Cela peut paraître très technique. Il n’en est rien. On est là face à un problème politique de grande ampleur voire à un scandale d’État. Un petit flash-back permet d’expliciter cette thèse :
1. Avril 2015, l’ASN rend enfin public défaillances et irrégularités de la cuve installée quelques mois plus tôt dans le bâtiment réacteur de l’EPR ;
2. Juillet 2015, au titre de la transposition du droit européen un décret autorise des procédures dérogatoires en cas de non-conformité d’équipements sous pression
3. Décembre 2015, AREVA et EDF consentent à un programme d’essai d’une ampleur non négligeable puisqu’il n’y a pas eu autant d’essais depuis le lancement du programme nucléaire au début des années 1970 ;
4. Janvier 2016 : un arrêté bouclé entre Noël et le Jour de l’an précise l’application du décret de Juillet pour les installations nucléaires de base [10]…
C’est le fameux « arrêté qui tombe à pic » dont il a déjà été question sur ce blog [11]. Sa publication a fait scandale à l’époque et motivé des plaintes de nombreuses associations écologistes qui ont bien compris qu’une application peu scrupuleuse du dit texte pouvait satisfaire les industriels au péril de la sûreté nucléaire.
L’Autorité de sûreté prépare donc sa réponse à une demande autorisée d’AREVA qui pourrait permettre l’utilisation d’une cuve qui ne correspond pas au requis réglementaire de l’arrêté du 12 décembre 2005 relatif aux équipements sous pression nucléaires et même du fameux décret du 2 avril 1926 modifié portant règlement sur les appareils à vapeur autres que ceux placés à bord des bateaux…
Aujourd’hui rien n’est écrit mais on peut craindre que le texte final qui sera soumis à consultation du public au cours de l’été soit du même tonneau que ce qui a été débattu dans le cadre du Groupe permanent d’expert puis de l’ANCCLI le 05 juillet.

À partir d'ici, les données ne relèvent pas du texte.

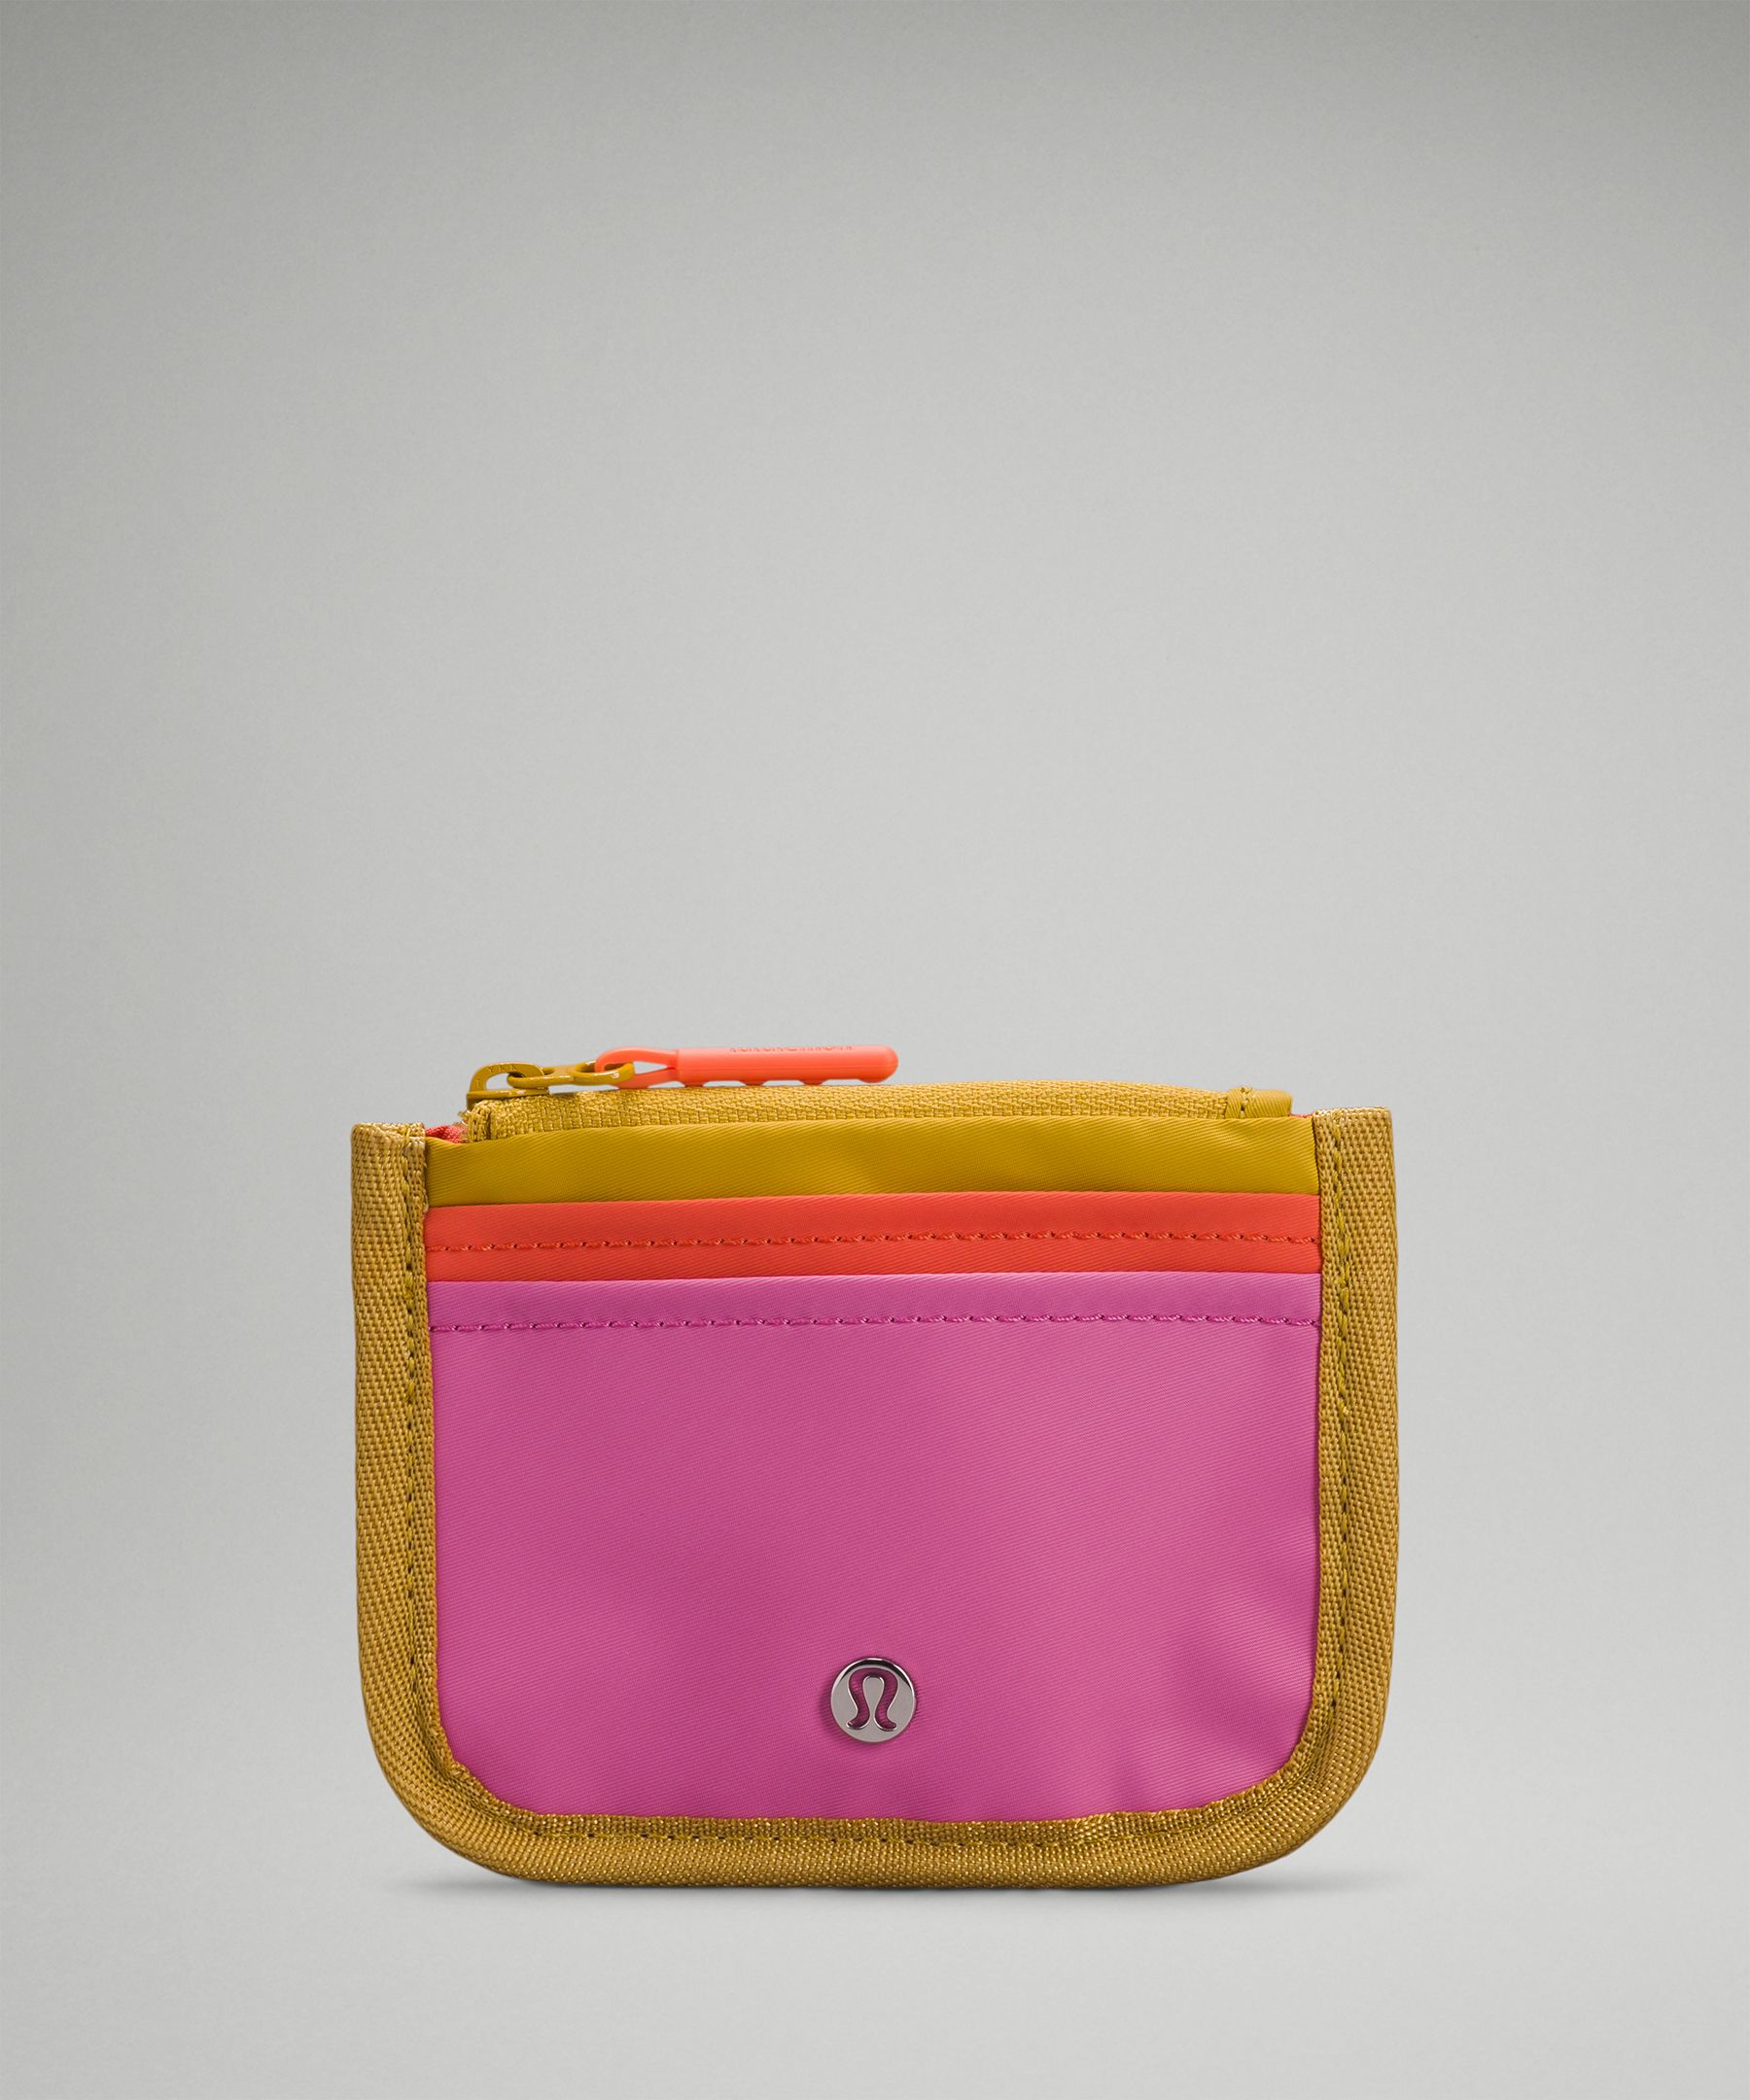 Lululemon True Identity Card Case In Pink Blossom/warm Coral/parachute

Cela créerait un précédent pour le moins dommageable. Autoriser une installation nucléaire de base et a fortiori un réacteur dont l’élément central n’est conforme ni à la réglementation et ni aux normes industrielles (code RCCM) serait dérangeant.

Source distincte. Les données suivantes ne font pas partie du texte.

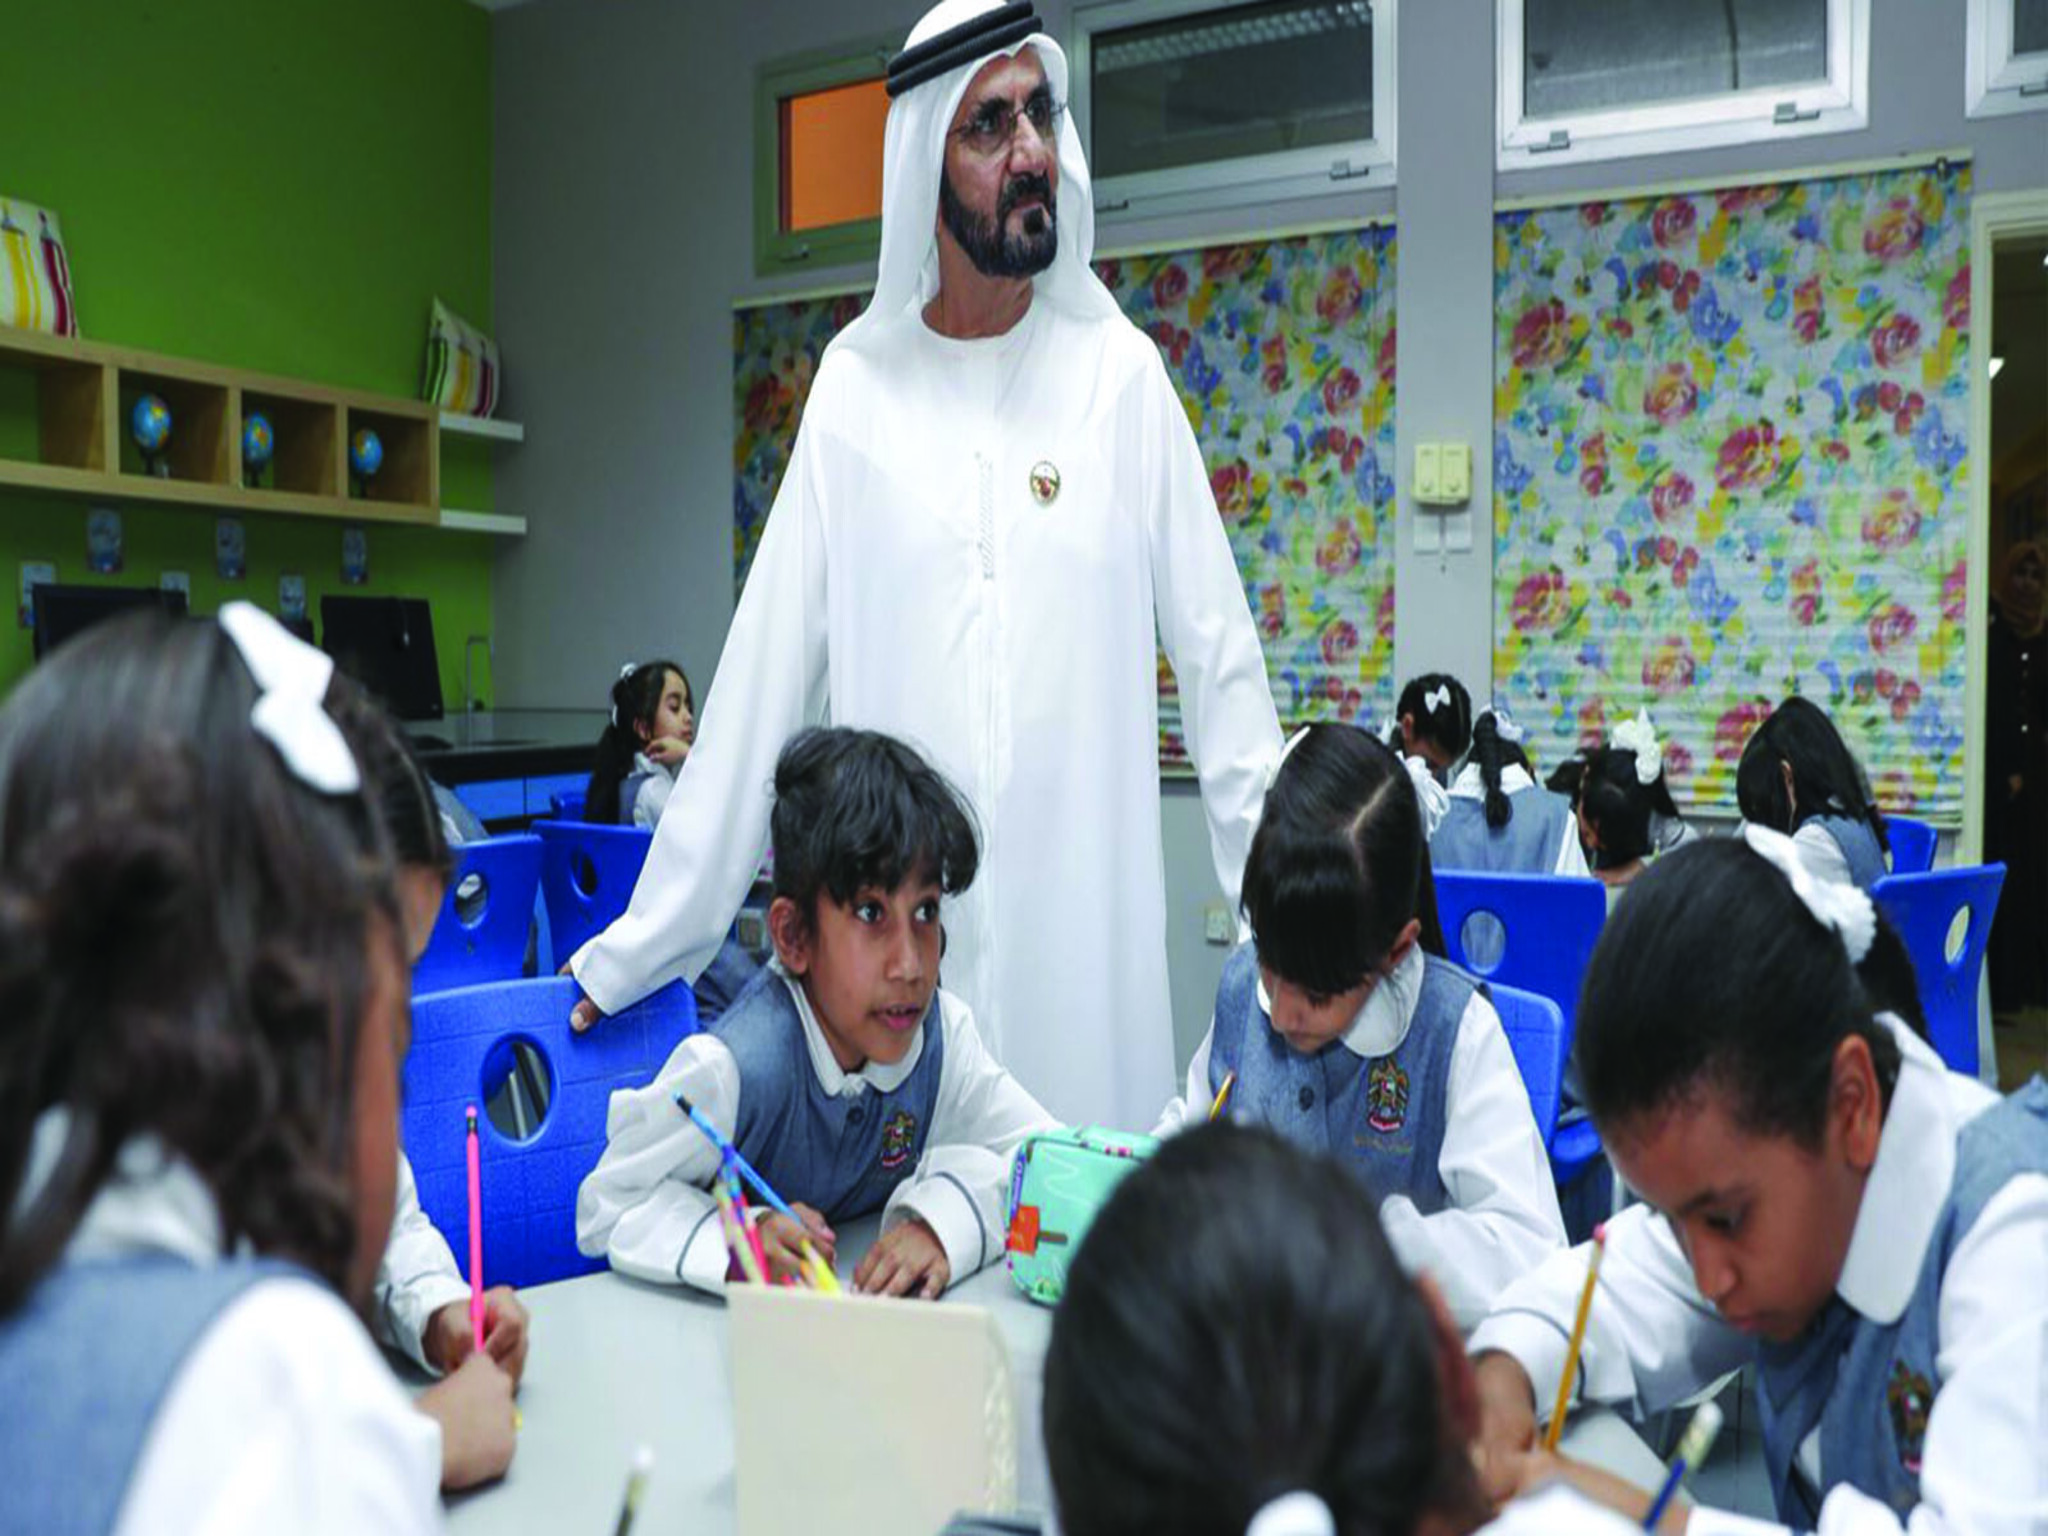 The UAE announces the dates of the Eid al-Fitr holiday for students and schools

Trop d’incertitudes entourent l’analyse qui est faite des données recueillies à l’occasion du programme d’essais mis en œuvre par AREVA… d’autant plus que celui-ci n’est pas totalement fini. Trop de doutes n’ont pas été levés sur les conséquences de l’utilisation de cette cuve et de son couvercle au vu de la nécessaire protection des intérêts mentionnés à l’article L 593-1 du Code de l’environnement. Trop d’argent a déjà été perdu aux dépends de la transition énergétique pour tenter de finir un réacteur trop cher, trop complexe et si peu robuste.
Somme toute ce à quoi nous avons affaire dépasse le strict cadre du nucléaire. Tous ceux et celles qui sont attachés à l’État de droit et à la réelle autonomie des Autorités administratives indépendantes doivent s’emparer de la consultation qui va être très prochainement organisée par l’ASN sur la cuve de l’EPR pour affirmer un « non » franc et massif à tout ce qui pourrait permettre à l’industriel de disposer d’une dérogation aberrante et persévérer dans cette impasse nommée EPR.